Is it bad to be off work again!! ?? My daughter (5) raging temp reached 41 during the night she’s settled now at 38 with calpol etc up all night. Got her in the doctors at 8.30 this morning but I’m on a temporary contract at work, had 5 days off with her 6 weeks ago, he’s just seems to pick everything up. Yes, I have mentioned this to the GP numerous times about her being poor often and high temp they tell me it’s normal. Do you think work will not keep me on, this is their week to decide as my contract runs out this week. I’ve rang family etc this morning no one else available to have her, but also I’d rather take her to the appointment and look after her, as she’s poorly and will want me.

OP posts:
repellingmnvipers · 17/03/2025 07:17

No one an indicate if you're work will keep you on. I hope your wee one feels better soon.

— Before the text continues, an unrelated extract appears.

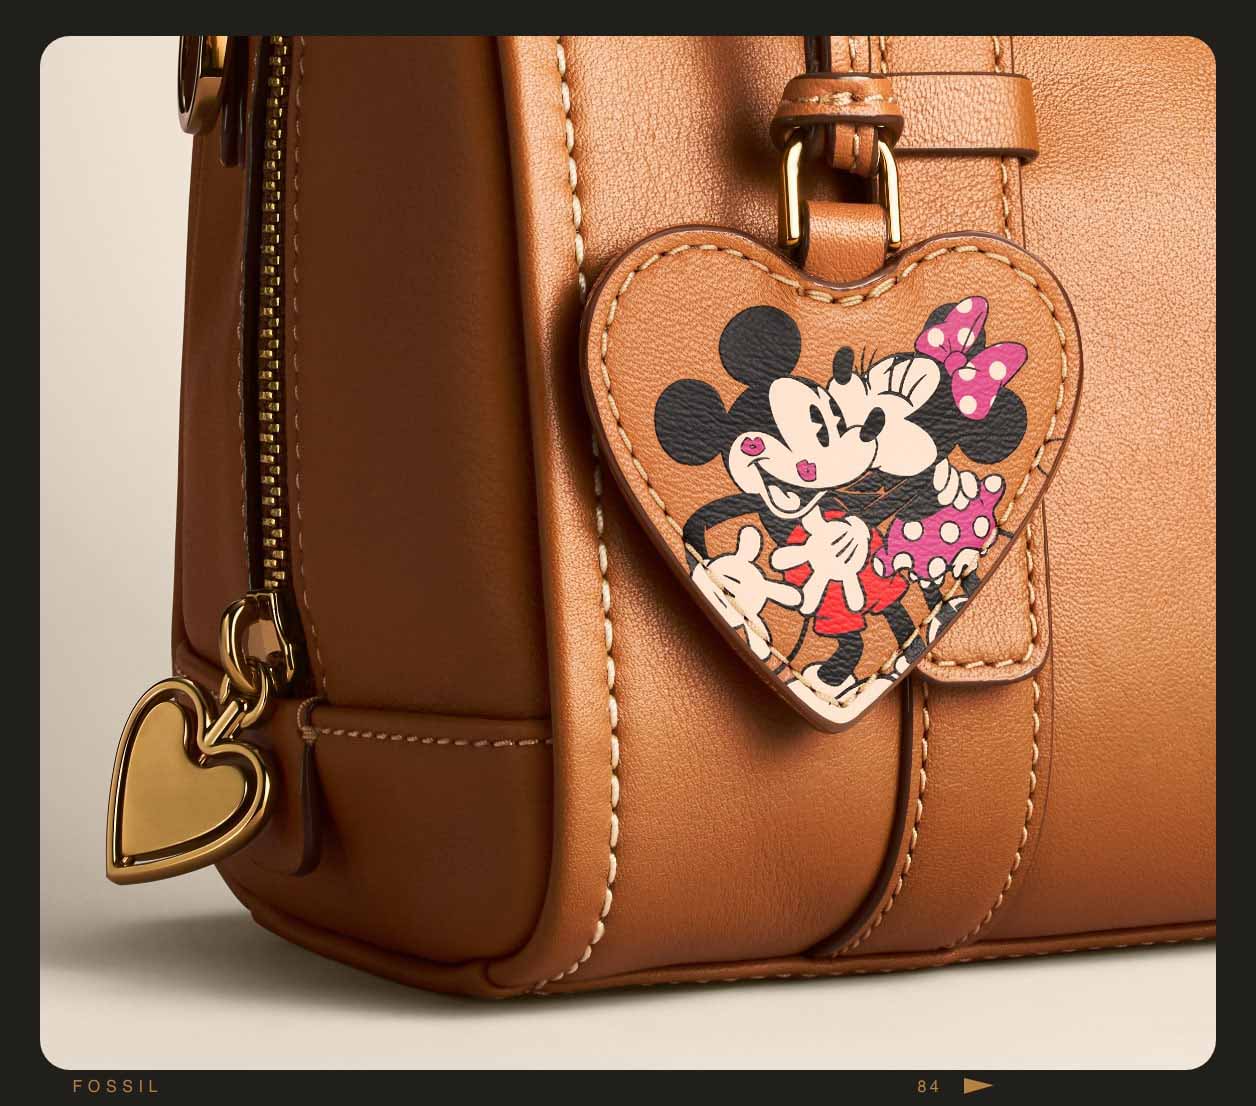 Primer plano del minibolso satchel Carlie de piel marrón, que luce un estampado repujado de Mickey Mouse y Minnie Mouse.

Motheranddaughter · 17/03/2025 07:22

Can her dad not look after her

AgnesX · 17/03/2025 07:26

I guess it'll depend on the quality of your work when you're actually there, what the job is, if your contract needs to be extended anyway, how understanding your temp employer is. There's a lot of aspects.

Hope your wee one recovers soon.

NeuroSpicyMumof3 · 17/03/2025 08:53

Gosh, that is a lot of time off. What is your long-term plan re-absences? Because you only have so much annual leave. If your daughters other parent is not taking half of the hit then this is unfair, of course if they are not on the scene then thats off the table but you need a plan because you will have no leave left for the school holidays (and you can only cover half as it is!!).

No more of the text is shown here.